How to manage the position well?
One of the constant challenges of traders is how to manage their positions. Is position management necessary or is the best strategy SET & FORGET? We have to tell you that nearly 75% of major forex traders have a position management strategy. We will discuss this strategy in detail in the following sections.
But first of all, if you are a forex market trader or a digital currency market trader. To trade, you need to convert your Tomans to Tether or dollars. For this you will need a reference and average price. For this, you can use the live price board of digital currencies. You can make an appropriate decision using the current price of dollars and Tether. It is better not to delay you more than this and go to the main point.

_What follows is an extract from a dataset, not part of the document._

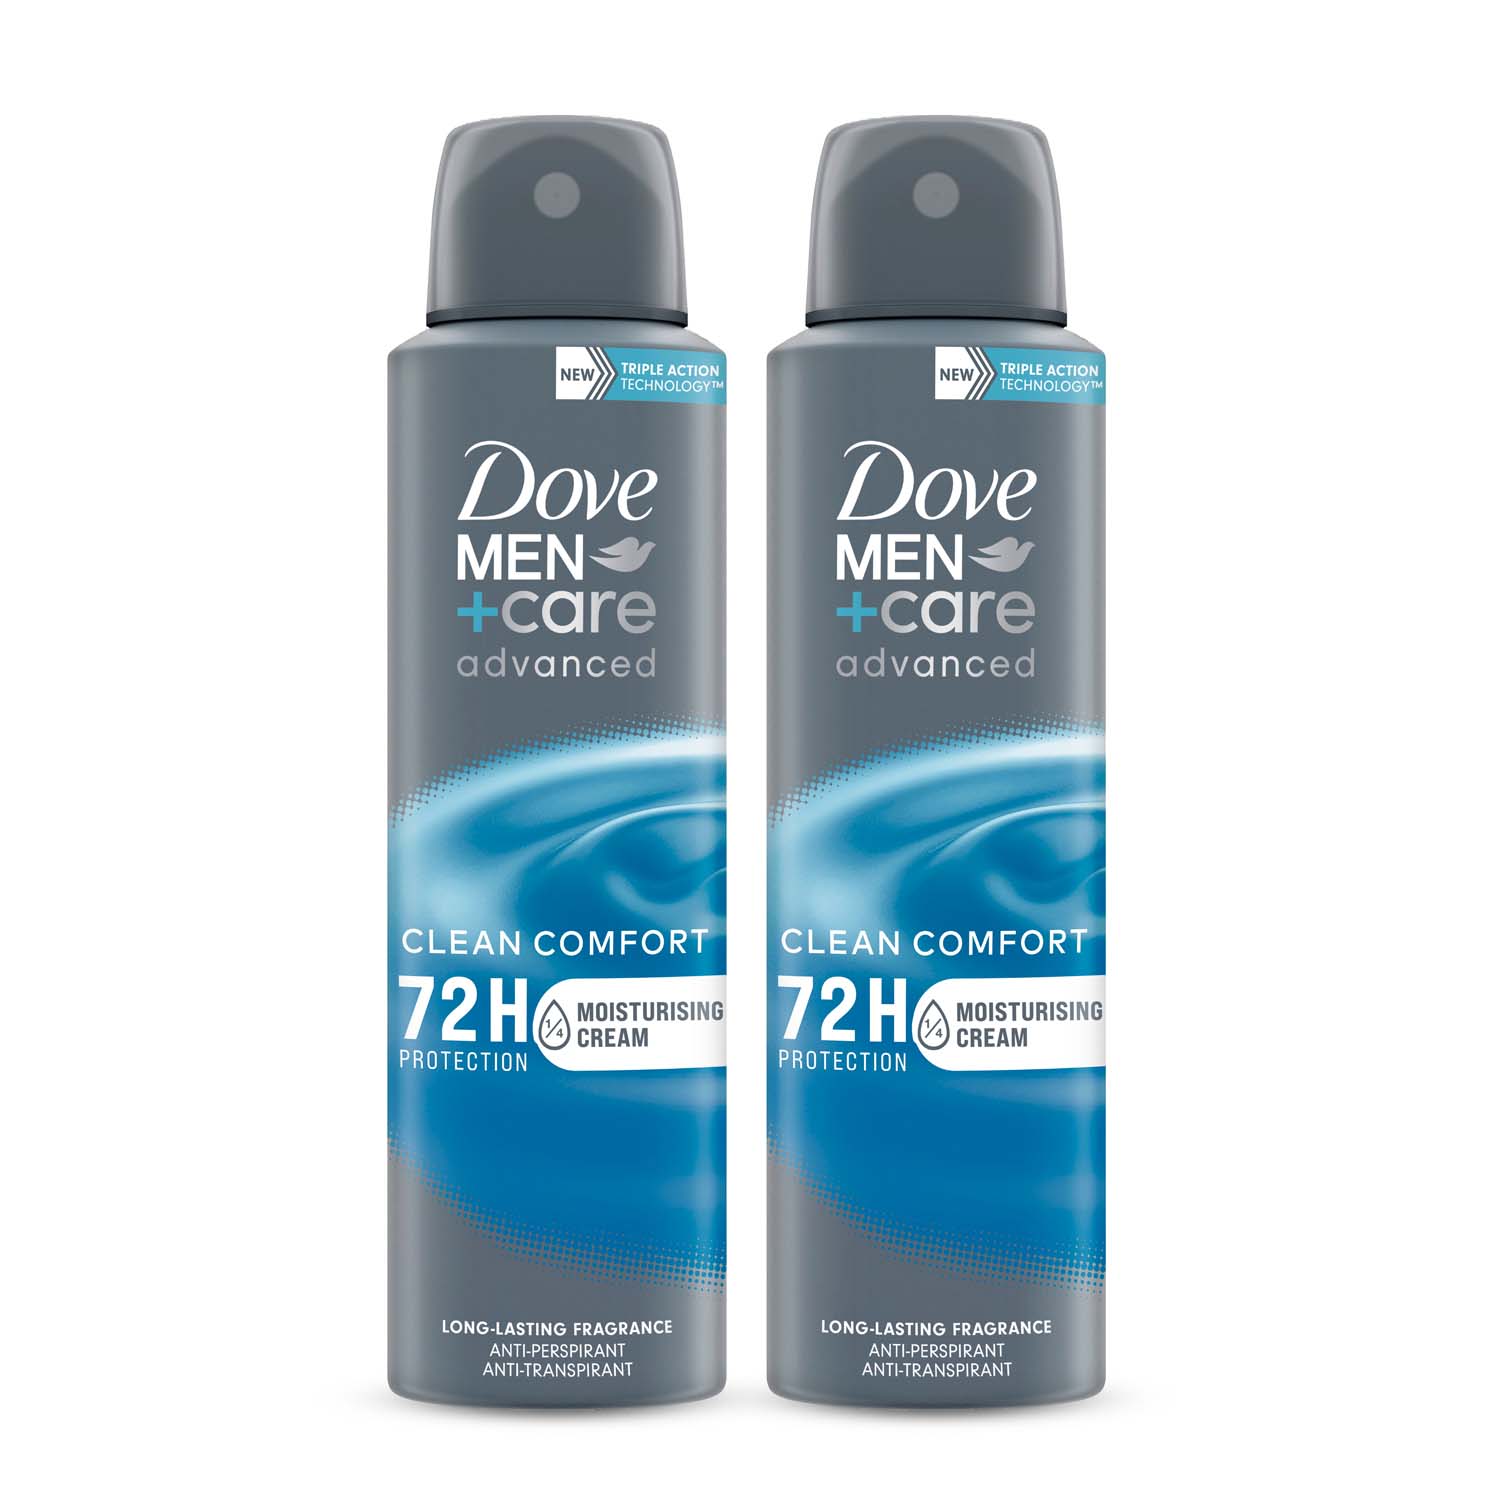 Pack de 2 desodorantes Dove Men +Care Advanced Clean Comfort por sólo 4.91€ ¡¡30% de descuento!!

Well, we have to start from one place to manage the open position in forex. The first step is how much risk we are willing to take. If you are going to invest a thousand dollars in the financial market. How much damage are you capable of? A person may be able to lose $100. A person may be able to lose $500. You will be entitled to 2-3% risk in each position. Of course, for a higher risk reward than 1 and 2.
When you are going to open your position, you should first calculate the profit in forex. How much will you lose if you stop this position? How much profit will you make if you win this position? Open position management makes sense when market conditions change. For example, you have opened your position, suddenly you see that the market is changing. We mean that the movements of the candles are very sharp or very painful. At this time, it is time to manage the position.
If the spikes are in the direction of your position, it is best to set your stop loss to your entry point. Because the sharp moves may be a low-volume spike to accumulate profit limits and then the trend will change. On the other hand, you should pay attention to this point; Its return movements are also very fast and you may not be able to close your position manually. The second point is to remove your profit limit so that the market suffers. When you see the market is suffering.
Move your stop loss to the nearest support or broken resistance. And you can move your profit limit as much as 86% of the previous upward or downward wave. Note that the market may become unpredictable at times. So do not take your stop or profit limit completely. But if the market was against the direction of your position, the story is a little different. You have to make every effort to change your position. We mean to raise your stop or close the position manually.
Of course, you must have already understood the reason for the jump in the market. Suppose that you have a buy position on the euro dollar. Suddenly, US inflation statistics are released and it favors the dollar. It is quite obvious that the market is sell and not buy. You should look for your position to sell at this moment. Don’t think about the low and high loss of your previous position. You have to think about how you can manage this position from zero to one hundred. On the other hand, to place a stop in the opposite direction, it is better to read the article “How to place a stop loss” several times in order to make the right decision in the time of excitement.
Open position management is not just for fast markets. Rather, when you see that the market is moving, the currency pair or your property is suffering, you should check what is the cause. If the trading volume is increasing, but the market is not paying attention to it. We have to tell you that this means that your position spring is compressed and you can take another step towards increasing the volume. Of course, taking into account risk management and capital management.
But if the volume of transactions is decreasing and on the other hand, this position has taken a lot of time. Try to close your position and look for a fast currency pair or an active asset. Because otherwise, the cost of using your capital may increase. Be careful that you are wrong to keep capital in the financial market. Why the market is fluctuating and you are left behind.
Be careful, we are not going to make you feel left out of the market. Rather, we mean that you should try to focus on better trading opportunities. Note that in the financial market, our whole goal is to choose the best opportunity to trade. Our job and skills are slightly different from investing and you should understand this.
Open position management in Sharp Market
One of the things that some people choose for their trade. Using a forex calculator to manage open positions. But we have to tell you that this is wrong. Because your strategy as well as market conditions should tell you the amount of changes. We cannot change our position unlike Jet and market conditions..
For example, you may be able to move your stop in the opposite direction based on the forex calculator and its data. Because your capital management parameters as well as your risk management parameters have changed. But the news and the shape and size of the candles tell you to close your position completely.
In this article, we briefly told you that open position management is an experimental matter. On the other hand, keep in mind that open position management will work for you if you can coordinate it with your trading strategy. This issue can only be implemented by backtesting and forward testing. Be careful that you can’t change the fate of the market and show a proper reaction just by reading one or two articles.
If you have any questions or challenges about any part of this article. On the other hand, keep in mind that all our efforts in the VIP digital currency trading team is to increase your speed and accuracy in trading.